System Components then sought review by the Fifth District Court of Appeal. On appeal, the Fifth District affirmed the trial court's award of business damages. Id. at 975. The Fifth District, however, certified a conflict with the Fourth District Court of Appeal's decision in Florida Department of Transportation v. Tire Centers, LLC, 895 So.2d 1110 (Fla. 4th DCA 2005). System Components, 14 So.3d at 975. In Tire Centers, the appellate court had found "that the trial court did not err by excluding consideration of mitigated business damages made by wayan off-site cure." System Components, 14 So.3d at 973 (citing Tire Centers) (emphasis supplied). In other words, the Fifth District in System Components and the Fourth District in Tire Centers reached opposite conclusions.
The Florida Supreme Court agreed with the Fifth District Court of Appeal's affirmance of the trial court's decision in the System Components litigation and rejected the Fourth District Court of Appeal's reasoning in the Tire Centers decision. Id. at 985. The Florida Supreme Court focused on the fact that System Components had relocated its business and never ceased operations. See generally id. As a result, the Florida Supreme Court seemed to suggest that the jury had simply calculated business damages based on what System Components had actually sustained in damages. Id. at 981. According to the Florida Supreme Court, to do otherwise would have provided System Components with a windfall because it would have received damages for a loss of business, when the business had actually continued, albeit at a different location. Cf. id. at 975-976 (approving the Fifth District's opinion in System Components as "well reasoned").
When a qualified partial taking destroys a business at its prior location, and the land/business owner chooses to relocate, the resulting business damages must be measured by the probable financial impact reasonably suffered as a result of the taking. Therefore, these business damages must be determined in light of the true economic realities of the given case, which, here, involved a relocated business's continued existence at its new location.
System Components, 14 So.3d at 985.
The legal rule announced by the Florida Supreme Court in System Components makes sense. If damages have not been suffered, and will not be suffered, then they should not be awarded. This is consistent with rules regarding the award of damages, generally. See 17 Florida Jurisprudence 2d, Damages §7 (2004) (plaintiff not entitled to recover compensatory damages in excess of an amount representing the loss actually caused by defendant's wrongful act).
The System Components decision should help practitioners and litigants because it clarifies an area of the law regarding business damages. Also, the System Components decision provides a comprehensive overview of damages and, in particular, business damages, in an eminent domain case.

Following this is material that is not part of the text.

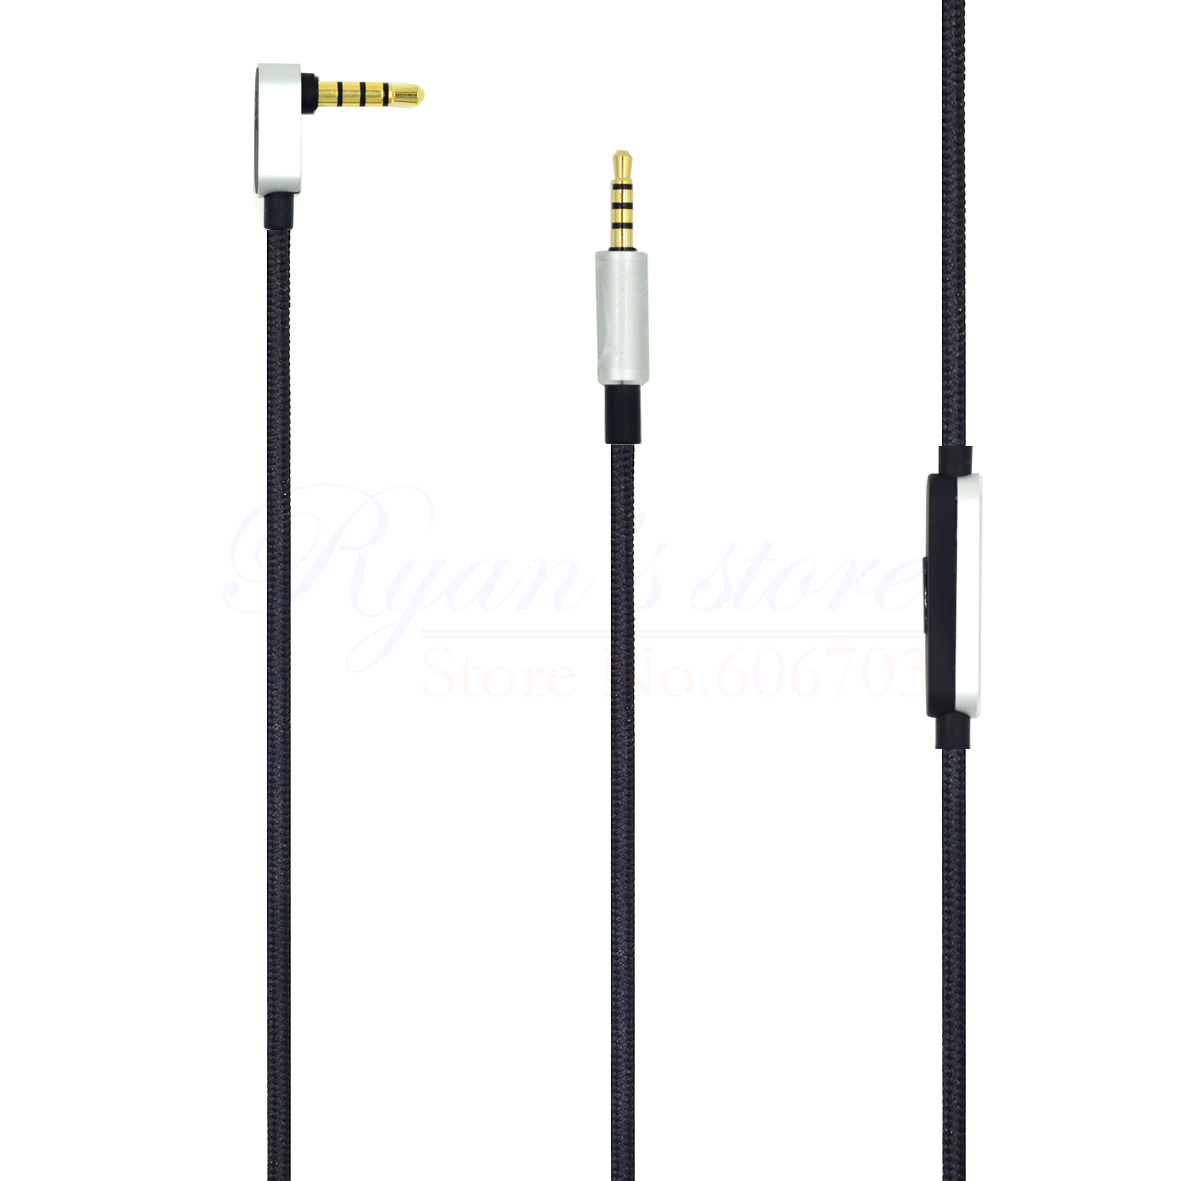 ü   ̺ AKG N60 NC n60nc  ڵ ȸ  ũ   /Replacement Audio cable Cord wireremote and mic for AKG N60 NC n60nc Reference headphone

There is, however, at least one aspect of the case that is difficult to understand. Specifically, it is unclear why the business damages were reduced by the entire good-faith deposit amount. According to the Florida Supreme Court, the trial court's reason for the deduction was "to avoid the award of duplicative damages." Systems Components, 14 So.3d at 974.
The trial court's rationale was misplaced, however, in respect to a significant portion of the $348,300.00 good-faith deposit. Section 73.071 (3) (b), Florida Statutes, allows for an award of business damages, but business damages may not include compensation for property taken by the condemning authority. Instead, it is section 73.071 (3) (a), Florida Statutes, that implements the Florida Constitution's requirement of compensation for property taken by the condemning authority. In this case, the compensation for the property taken would be $88,300.00 for the value of the land taken by the condemnation and $109,400.00 for the value of the appurtenances and improvements taken by the condemnation.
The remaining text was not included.